[MPS] Switch Cholesky decomp to column wise (pytorch#158237)

pytorchbot · malfet · web-flow · commit 9167ac8c7548 · 2025-07-22T15:25:46.000-07:00
[MPS] Switch Cholesky decomp to column wise (pytorch#157014) Everything should go thru a generalized kernels, and Metal kernels should work with the same sizes and strides as CPU or CUDA backends to avoid problems with `torch.compile` that relies on the meta kernels to tell what its ouput going to look like.
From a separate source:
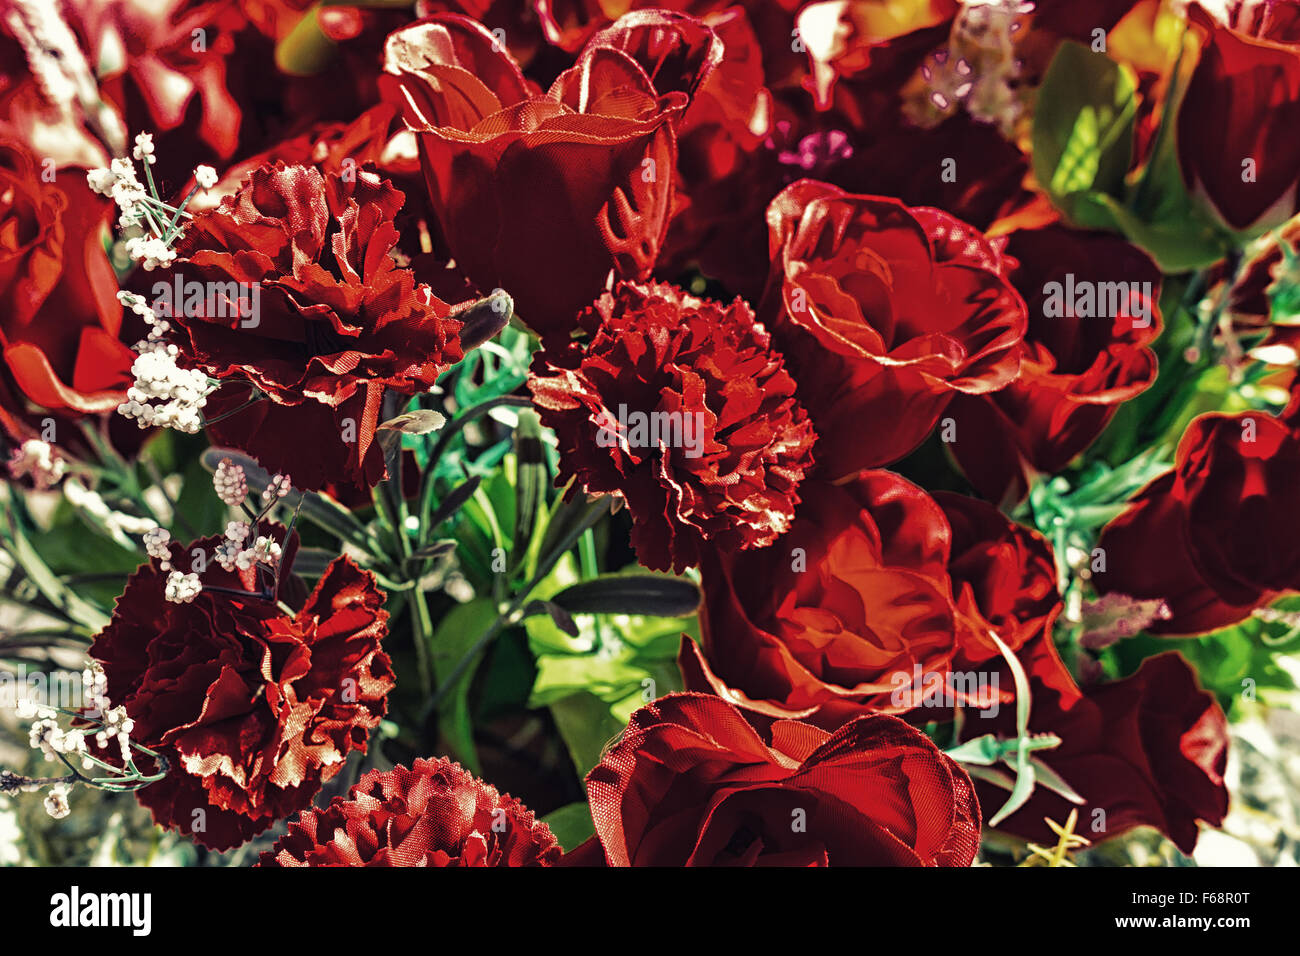 Flores falsas fotografías e imágenes de alta resolución - Página 2 - Alamy

To avoid returning tensors with different layout depending on whether upper parameter is true or false, templatize `factorDiagonalBlock`, `applyTRSM` and `applySYRK` to take upper/lower (actually row-wise vs column-wise) as template argument and call appropriate templates from host TODOs: - Rename upper parameter to something more sensible and add comments - Use simd_groupsize instead of hardcoded 32 everywhere Fixes pytorch#156658 Pull Request resolved: pytorch#157014 Approved by: https://github.com/Skylion007, https://github.com/dcci ghstack dependencies: pytorch#157179 (cherry picked from commit 1c8844d) Co-authored-by: Nikita Shulga <nshulga@meta.com>
diff --git a/aten/src/ATen/native/BatchLinearAlgebra.cpp b/aten/src/ATen/native/BatchLinearAlgebra.cpp
@@ -697,7 +697,7 @@ TORCH_META_FUNC(linalg_cholesky_ex)(const Tensor& A,
   auto ndim = A_shape.size();
 
   // L
-  auto L_strides = at::native::batched_matrix_contiguous_strides(A_shape, /*f-contig*=*/A.device().type() != at::kMPS);
+  auto L_strides = at::native::batched_matrix_contiguous_strides(A_shape, /*f-contig*=*/true);
   set_output_strided(0, A_shape, L_strides, A.options(), {});
 
   // info
diff --git a/aten/src/ATen/native/mps/kernels/LinearAlgebra.metal b/aten/src/ATen/native/mps/kernels/LinearAlgebra.metal
@@ -145,6 +145,28 @@ inline float blockReduceSum(
   return sharedScratch[0];
 }
 
+template <bool col_major>
+inline device float& get_ref(device float* A, uint row, uint col, uint N);
+
+template <>
+inline device float& get_ref<true>(
+    device float* A,
+    uint row,
+    uint col,
+    uint N) {
+  return A[row * N + col];
+}
+
+template <>
+inline device float& get_ref<false>(
+    device float* A,
+    uint row,
+    uint col,
+    uint N) {
+  return A[row + col * N];
+}
+
+template <bool upper>
 kernel void factorDiagonalBlock(
     device float* A [[buffer(0)]],
     device int* info [[buffer(1)]],
@@ -171,7 +193,7 @@ kernel void factorDiagonalBlock(
   for (uint i = linear_tid; i < tileSize; i += group_size) {
     uint r = i / actSize;
     uint c = i % actSize;
-    tile[r][c] = A[batch_offset + (row0 + r) * N + (col0 + c)];
+    tile[r][c] = get_ref<upper>(A + batch_offset, row0 + r, col0 + c, N);
   }
   threadgroup_barrier(mem_flags::mem_threadgroup);
 
@@ -244,10 +266,33 @@ kernel void factorDiagonalBlock(
   for (uint i = linear_tid; i < tileSize; i += group_size) {
     uint r = i / actSize;
     uint c = i % actSize;
-    A[batch_offset + (row0 + r) * N + (col0 + c)] = tile[r][c];
+    get_ref<upper>(A + batch_offset, row0 + r, col0 + c, N) = tile[r][c];
   }
 }
 
+template [[host_name("factorDiagonalBlockU")]]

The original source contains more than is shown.